Problem → Give back exactly the lines of the material below, starting with the line with "BABOR 3D Firming, Anti-Aging" and going on through the line with "Jura Giga X8c".

Available records →
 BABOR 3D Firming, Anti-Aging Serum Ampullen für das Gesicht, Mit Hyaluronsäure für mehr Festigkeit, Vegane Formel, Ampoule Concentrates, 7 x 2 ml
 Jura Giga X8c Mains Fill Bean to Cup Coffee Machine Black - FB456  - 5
--
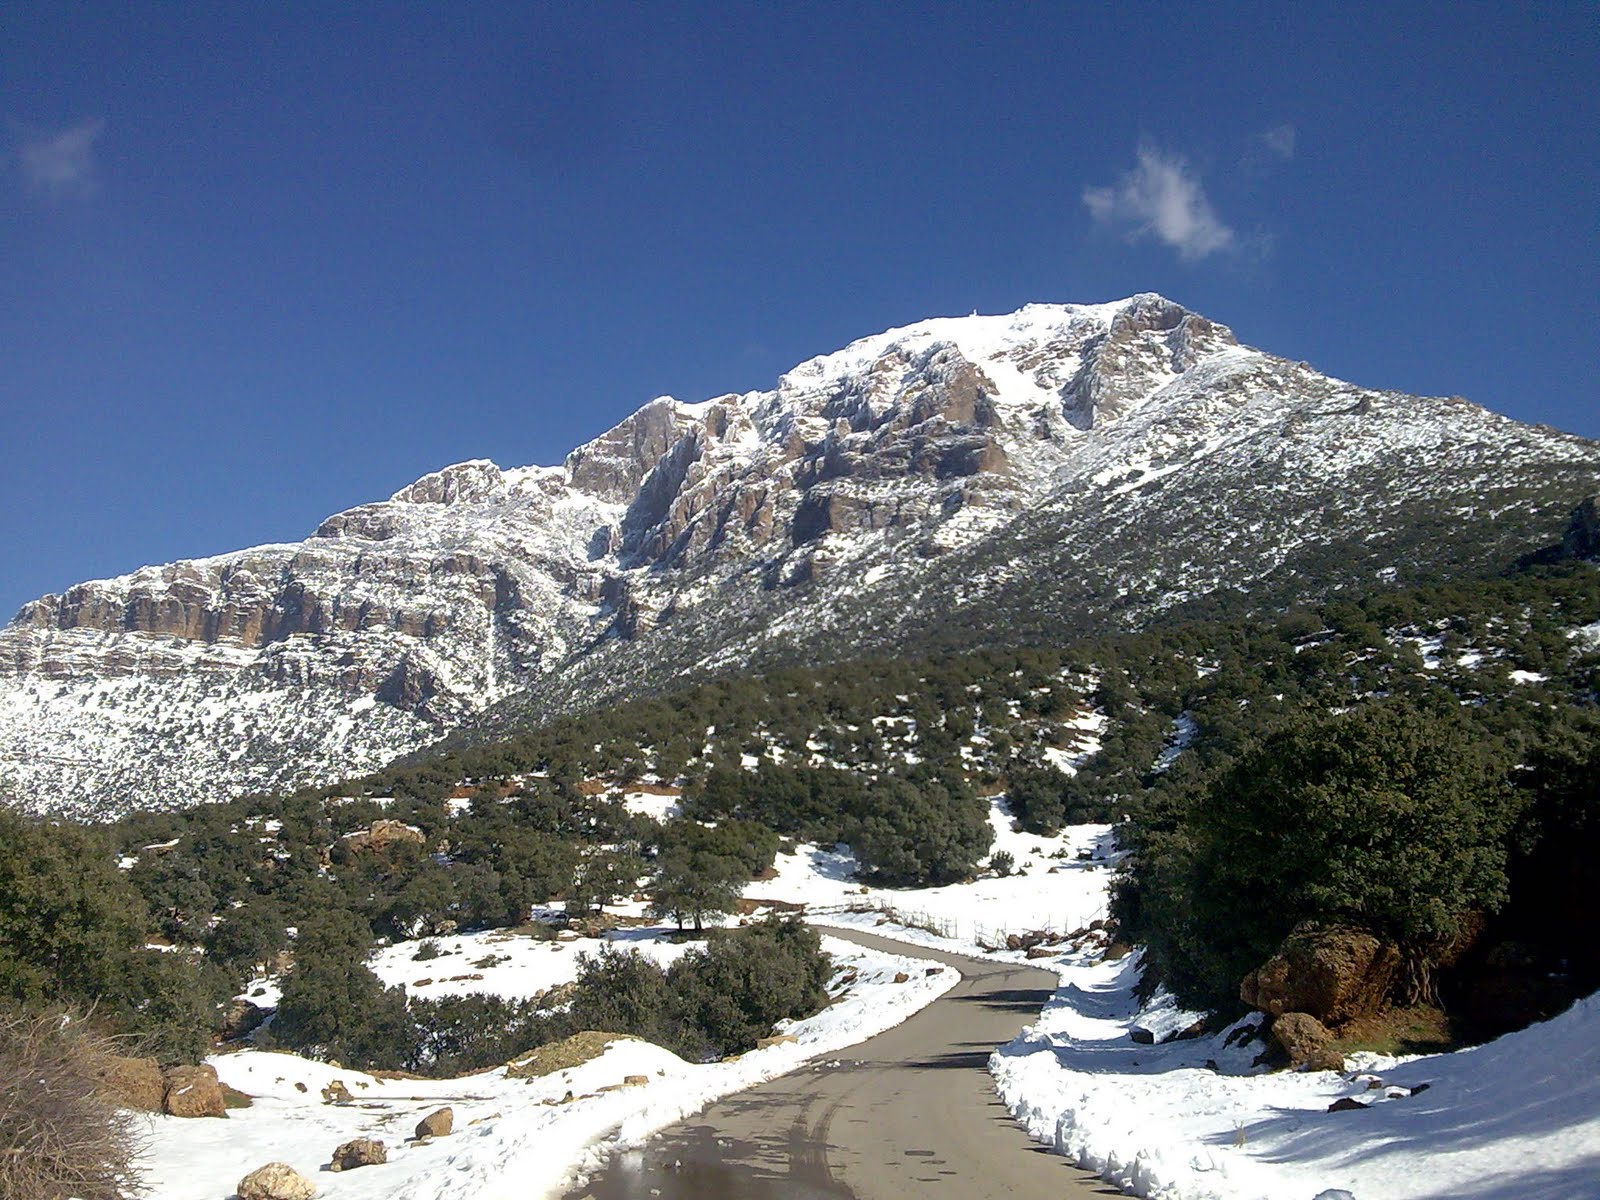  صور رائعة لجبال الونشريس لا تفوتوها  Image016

Result for this task →
 BABOR 3D Firming, Anti-Aging Serum Ampullen für das Gesicht, Mit Hyaluronsäure für mehr Festigkeit, Vegane Formel, Ampoule Concentrates, 7 x 2 ml
 Jura Giga X8c Mains Fill Bean to Cup Coffee Machine Black - FB456  - 5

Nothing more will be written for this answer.